Work to be completed: Skip the pictures and give back the rest of the listing exactly.
*** Input data ***
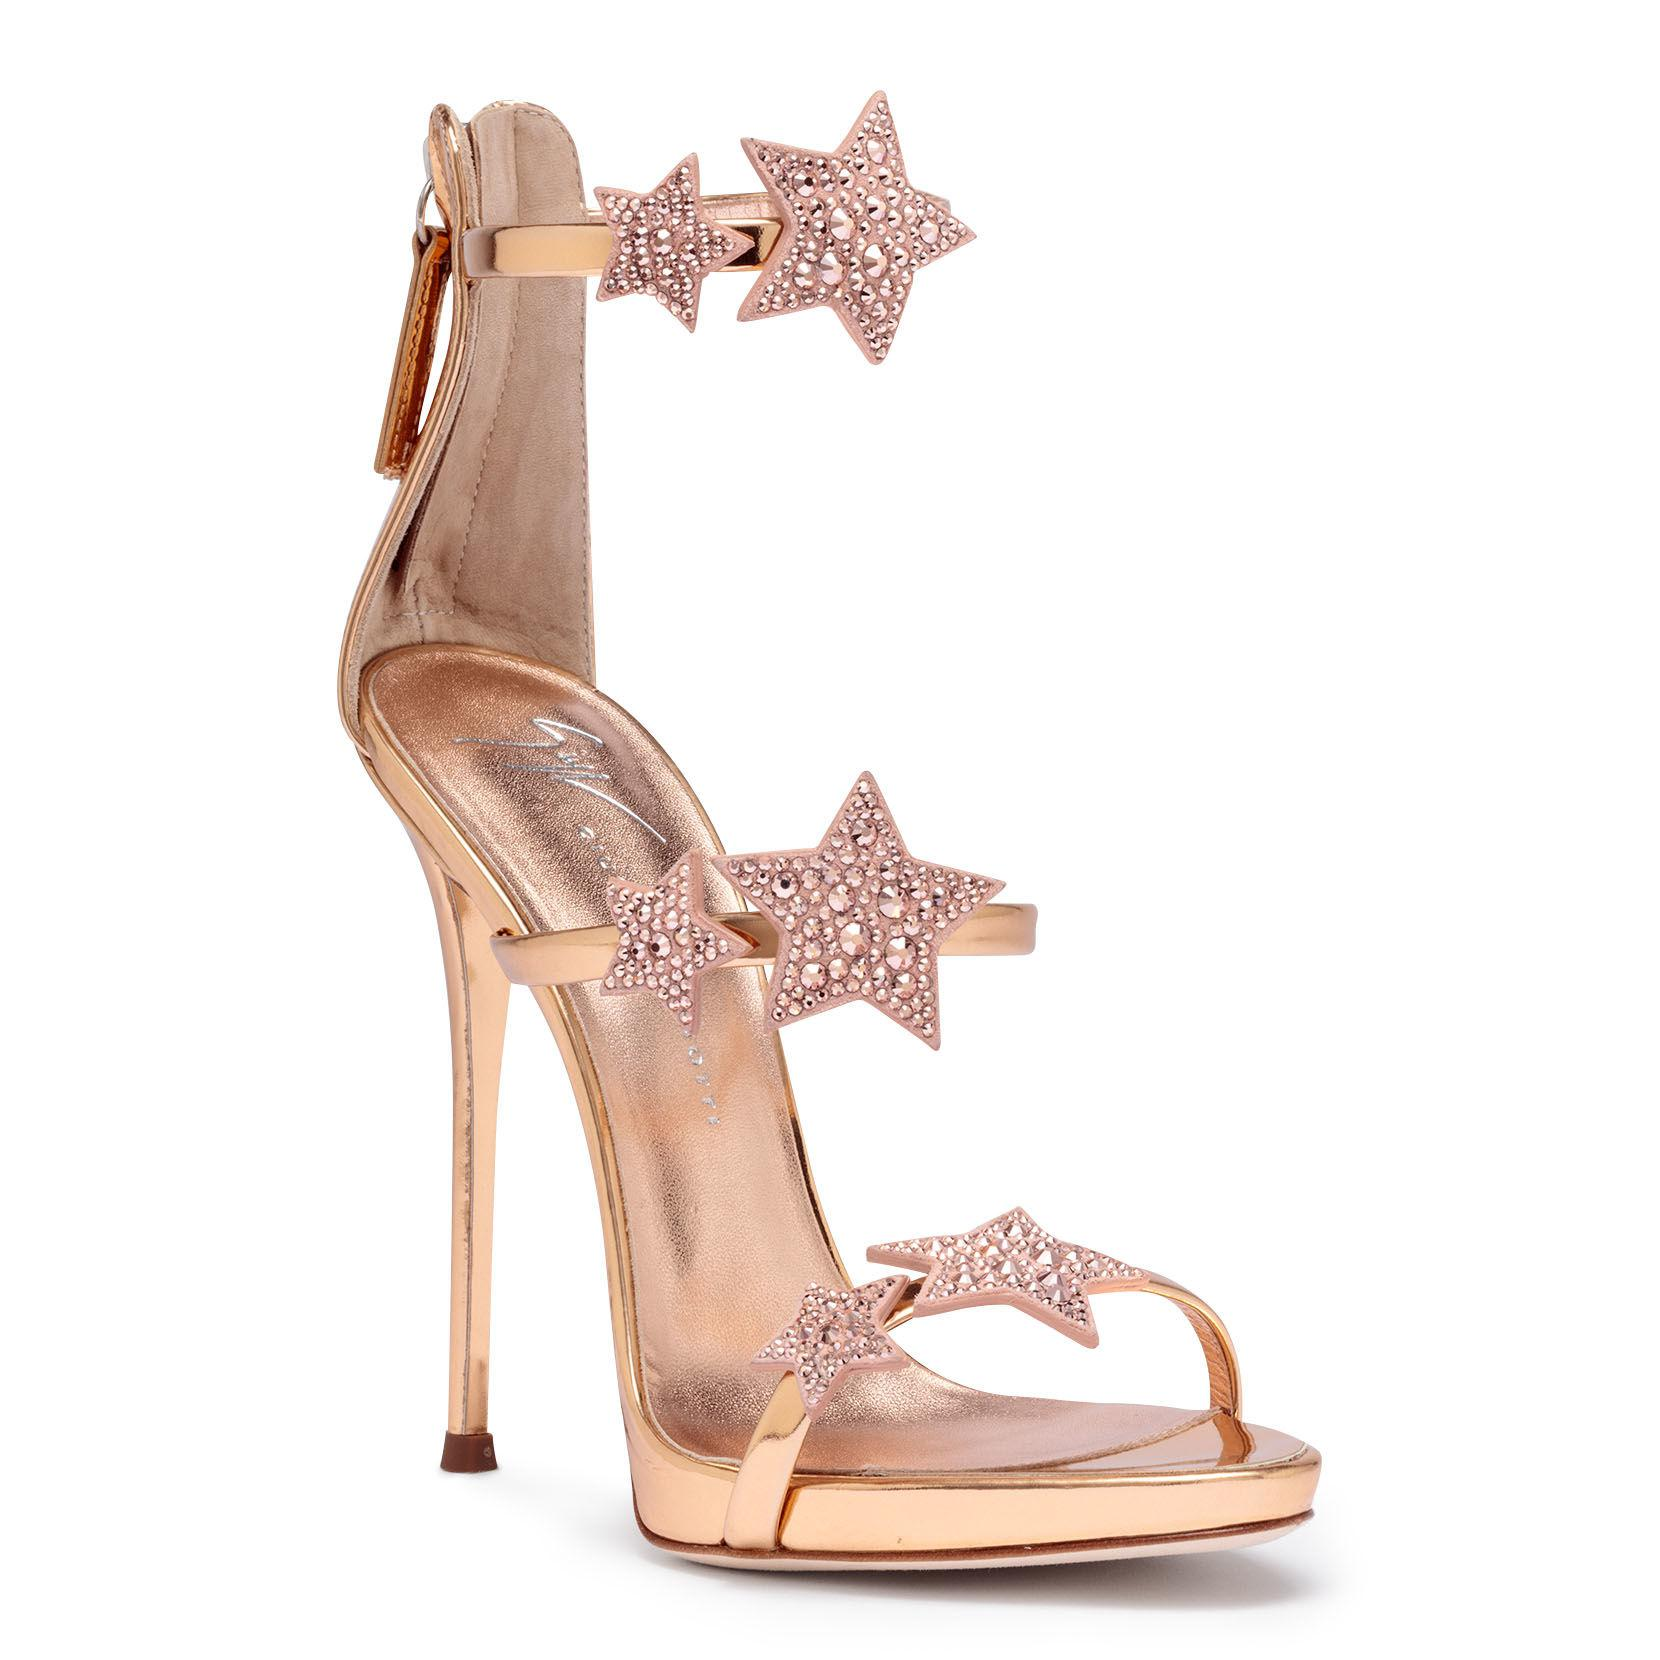 ba091f72ca5f4 Giuseppe Zanotti Harmony Star 120 Rose Gold Leather Sandals in Pink ...
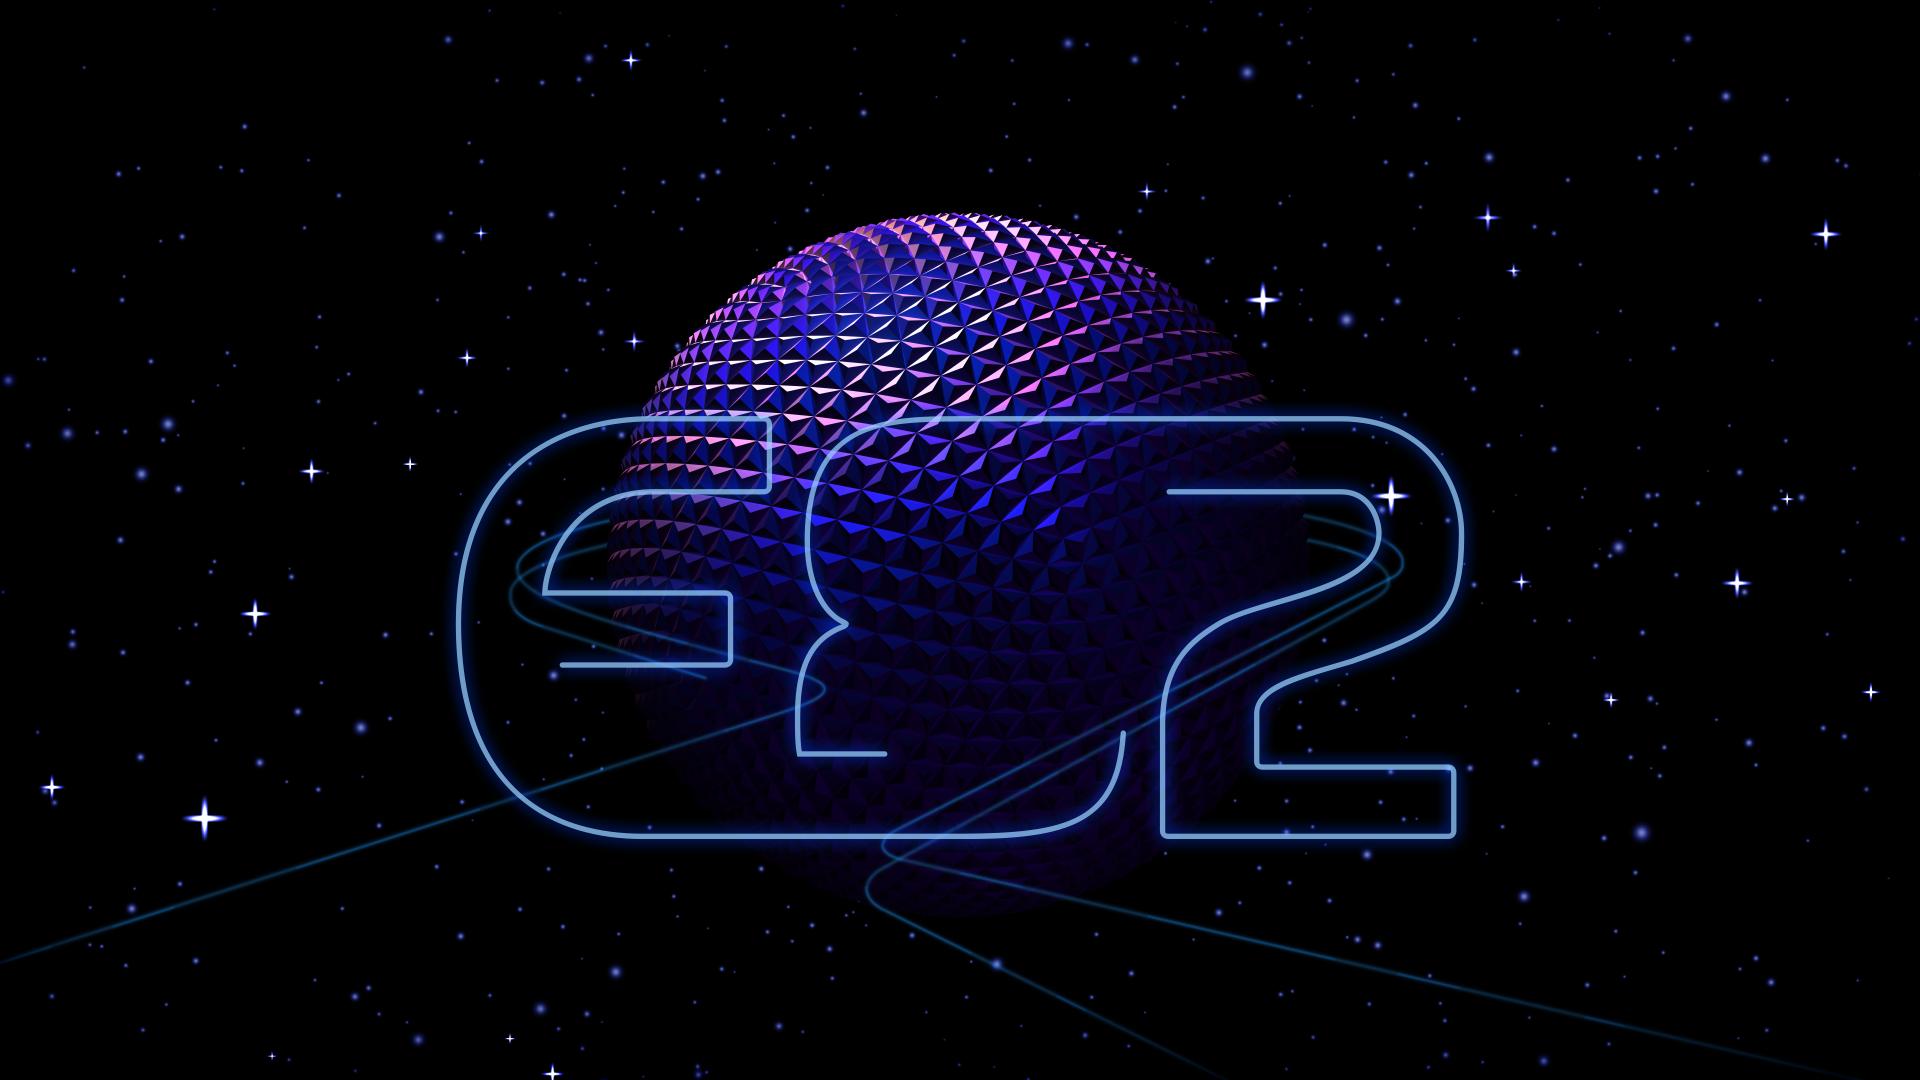 E82FilmsFrame8.png
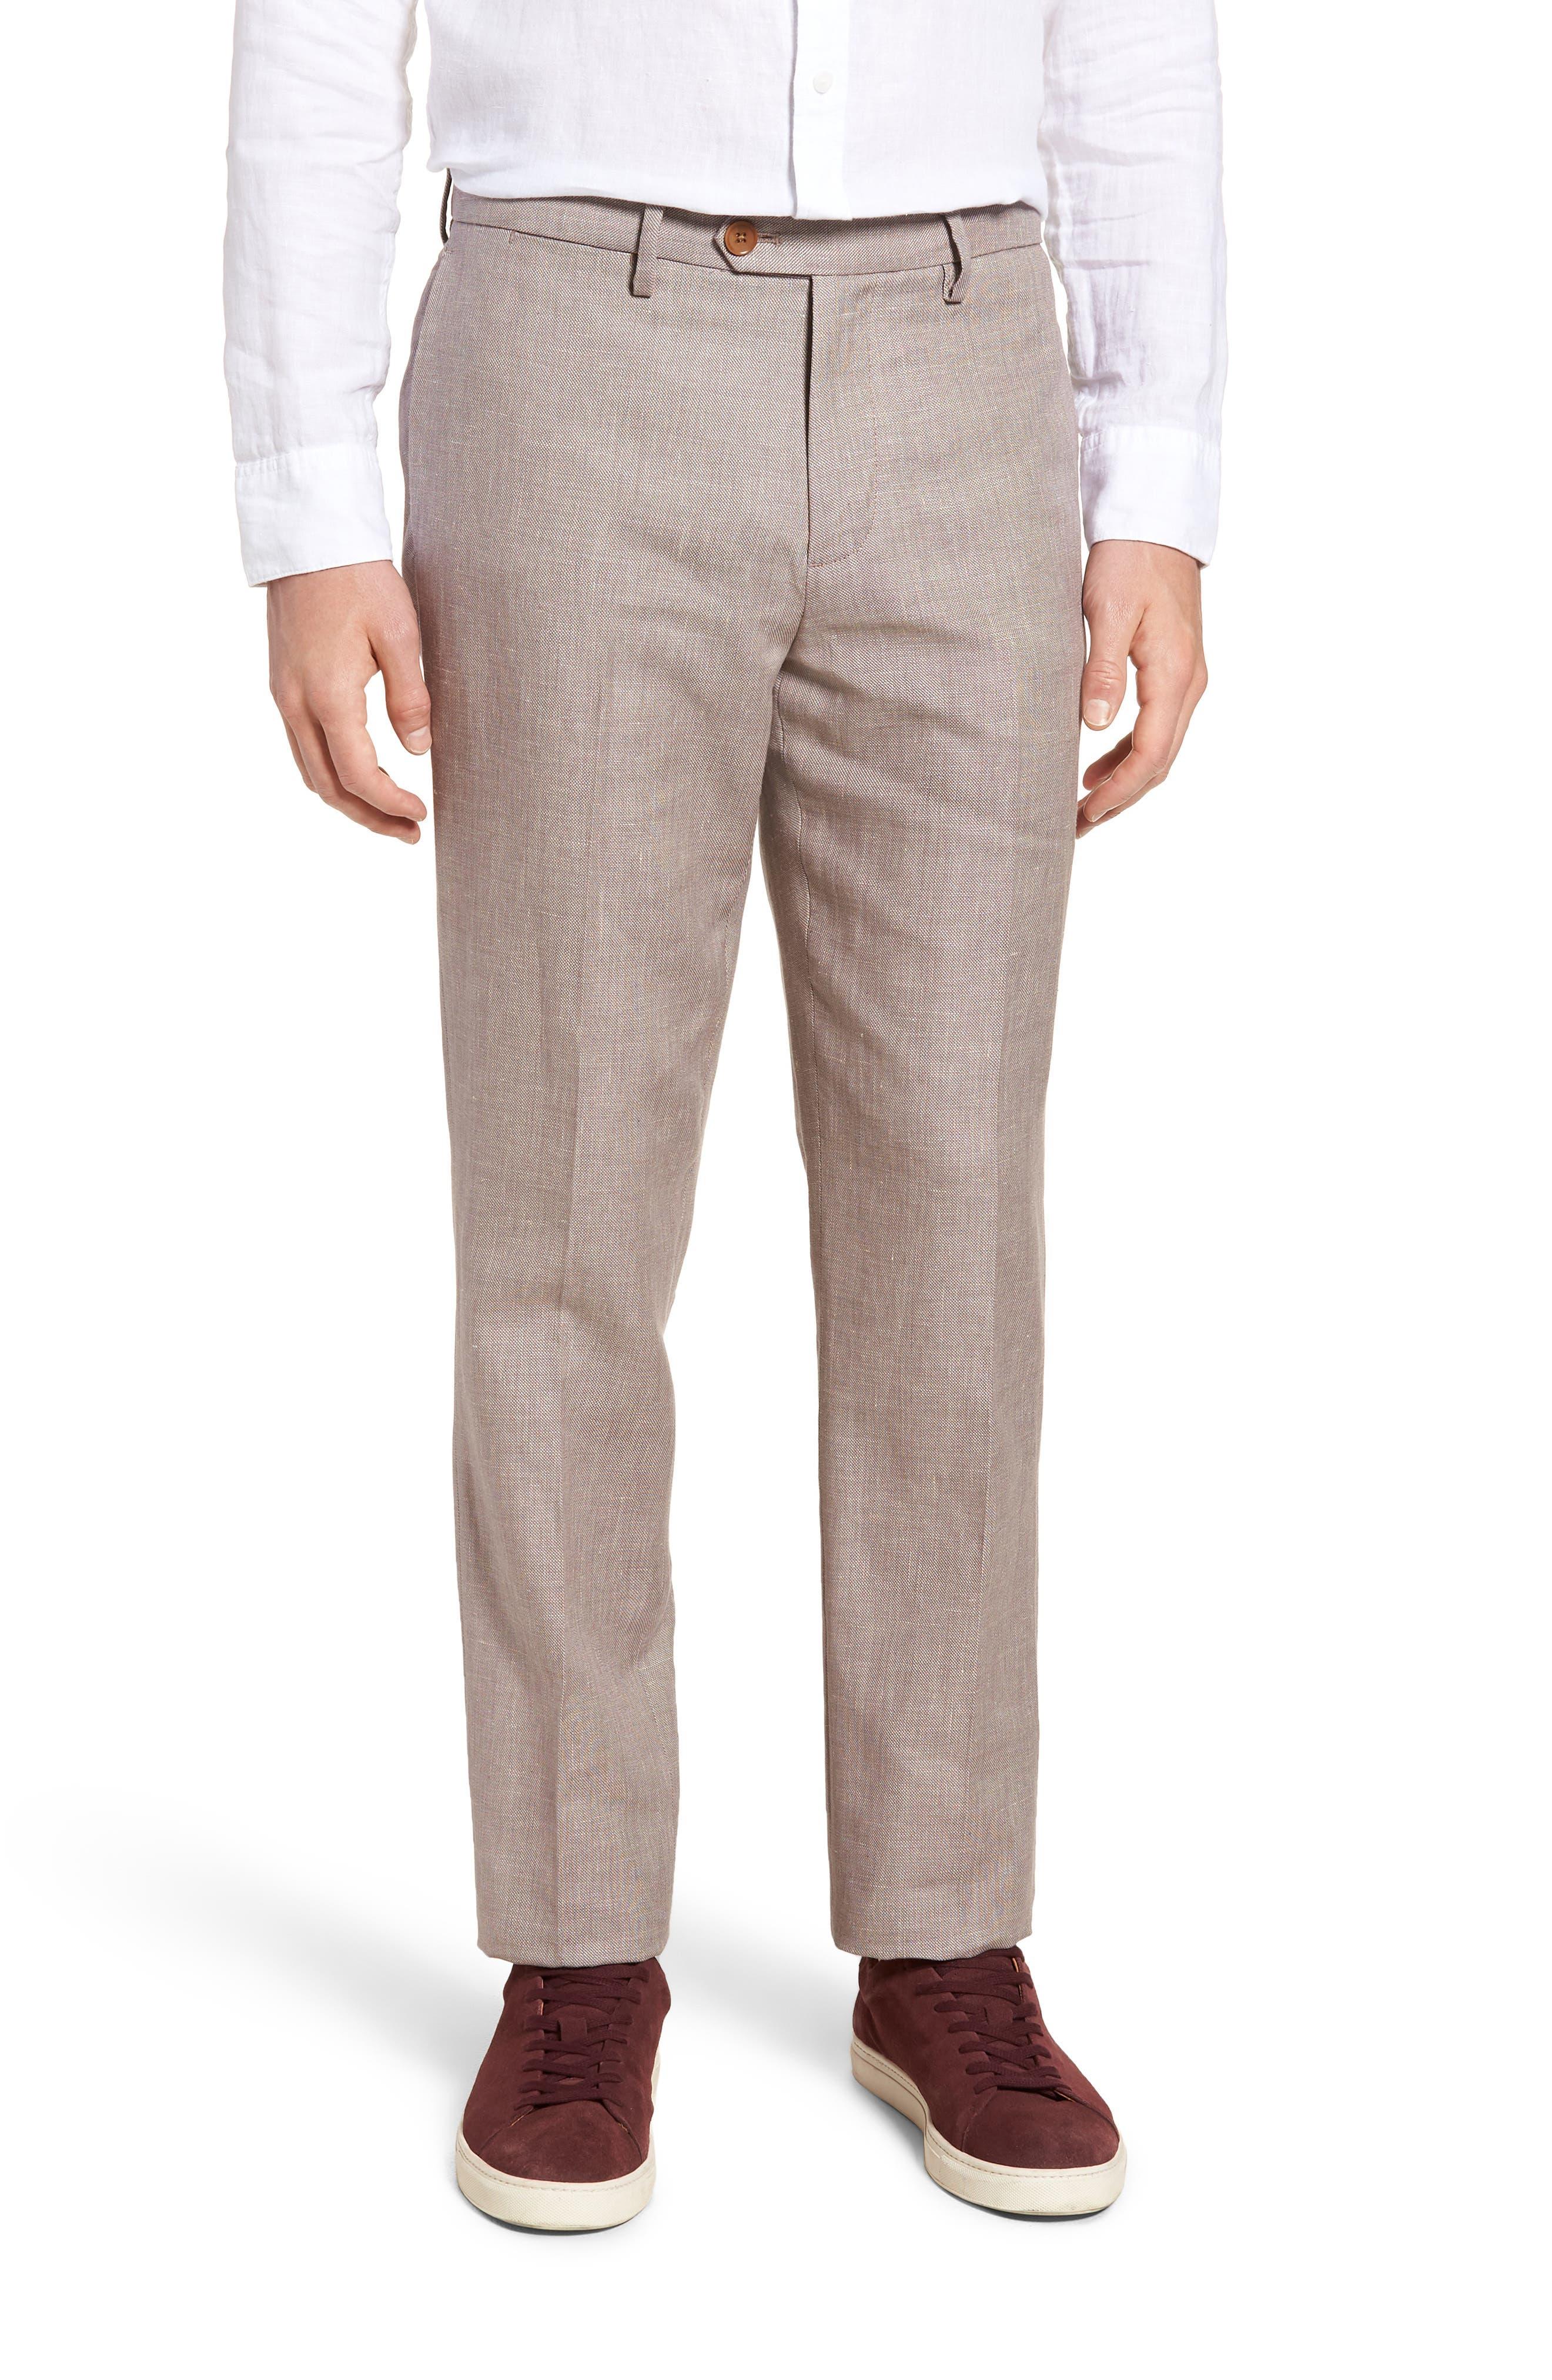 Flat Front Solid Stretch Cotton & Linen Pants,                             Main thumbnail 1, color,                             Brown
***
Answer:
 ba091f72ca5f4 Giuseppe Zanotti Harmony Star 120 Rose Gold Leather Sandals in Pink ...
 E82FilmsFrame8.png
 Flat Front Solid Stretch Cotton & Linen Pants,                             Main thumbnail 1, color,                             Brown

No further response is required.